Frequent urination, especially at night, marks the body’s effort to cleanse and restore equilibrium.


The Biological Purpose

What medicine calls “Diabetes” is not an error.

It is an ancient, biologically meaningful adaptation, a way for the organism to gather strength when facing what feels impossible to face.

The body says:

“If I must resist, I’ll have the strength to resist.”

“If I must push away, I’ll have the power to push away.”

And when peace finally comes, the sugars flow back into the muscles, the readiness dissolves,

and the body rests, having done exactly what it was designed to do.


In Essence

- Conflict: Fear-resistance (RH) or Fear-revulsion (LH)

- Theme: “I don’t want to / I can’t bring myself to do this.”

- CA Phase: Blood sugar rises (Insulin held back)
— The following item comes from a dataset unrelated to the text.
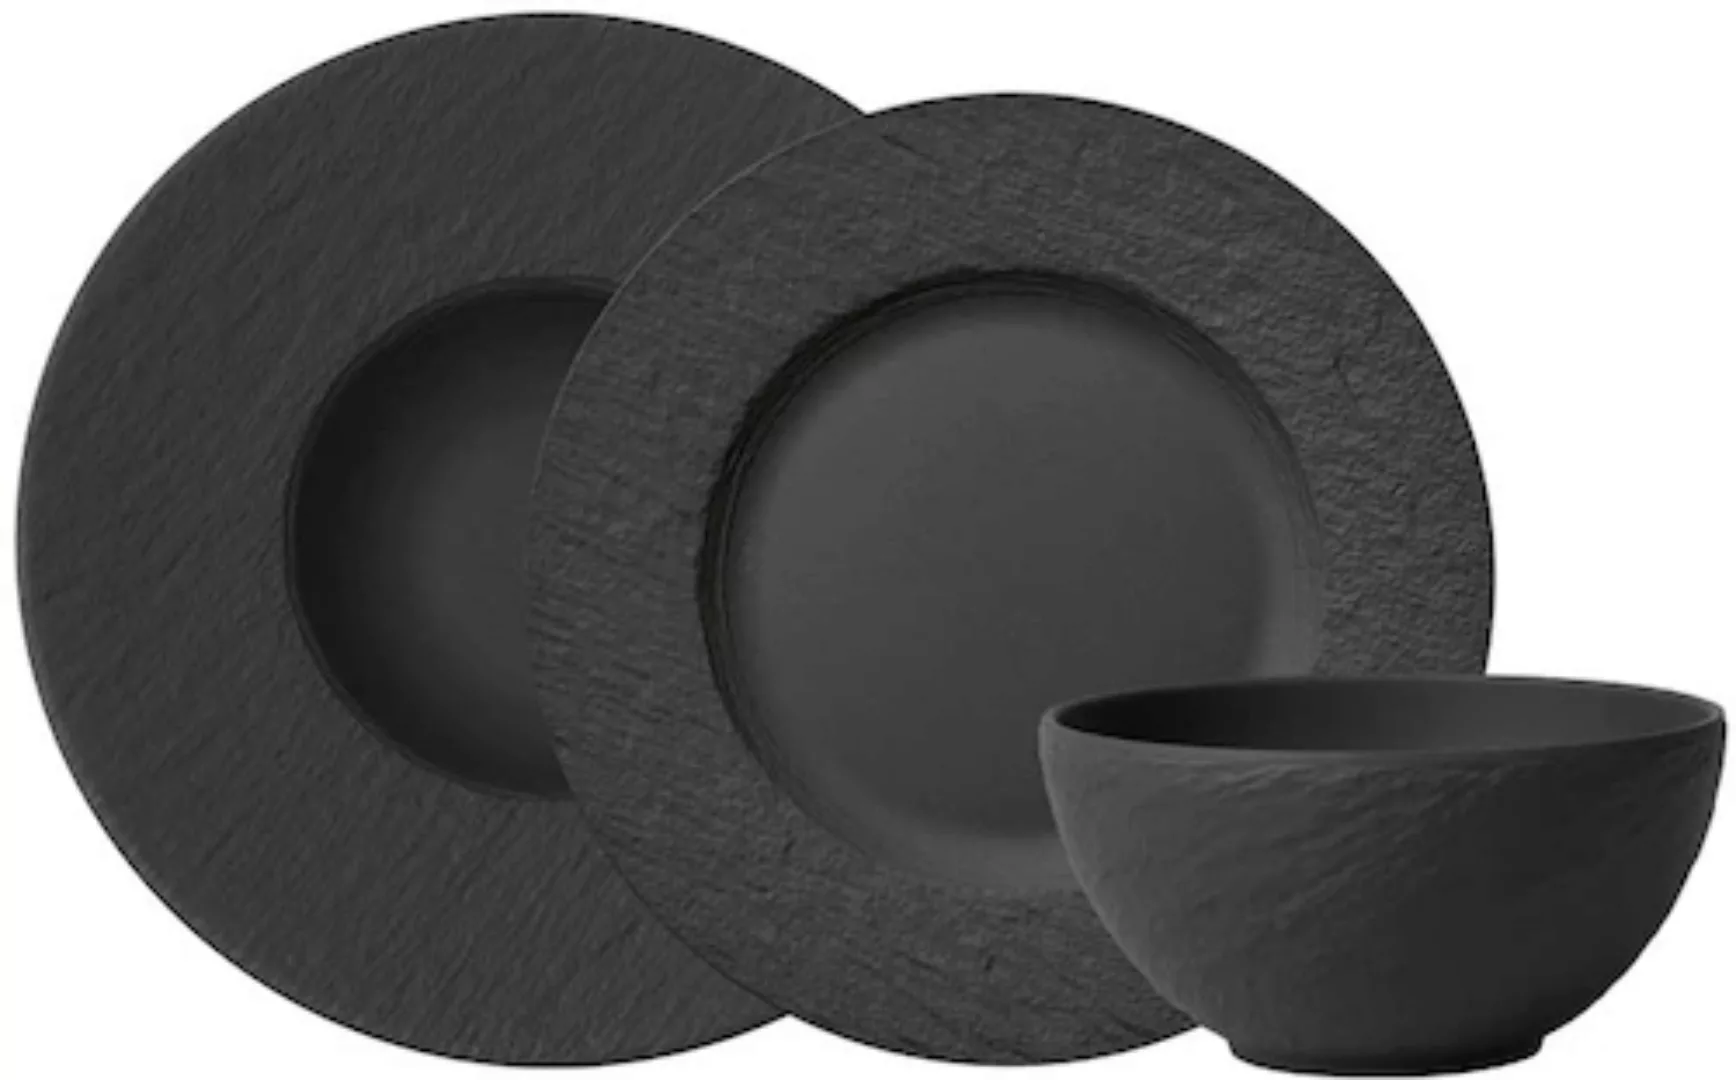 Villeroy & Boch Manufacture Rock Starter-Set 6-teilig schwarz Geschirrsets günstig online kaufen

- Purpose: Strengthen muscles for fight or repulsion

- Healing: Sugar rushes into muscles = Hypoglycemia risk

- Sign: Sweet-smelling urine, frequent urination

- Resolution: Conflict released, blood sugar normalizes


Diabetes is not a curse, it is a message, a biological masterpiece revealing where the soul has wrestled with fear, resistance, and revulsion.

To heal is not merely to normalize sugar, but to understand what one has been forced to face

and to finally step beyond the threshold of resistance into peace, acceptance, and trust in life itself.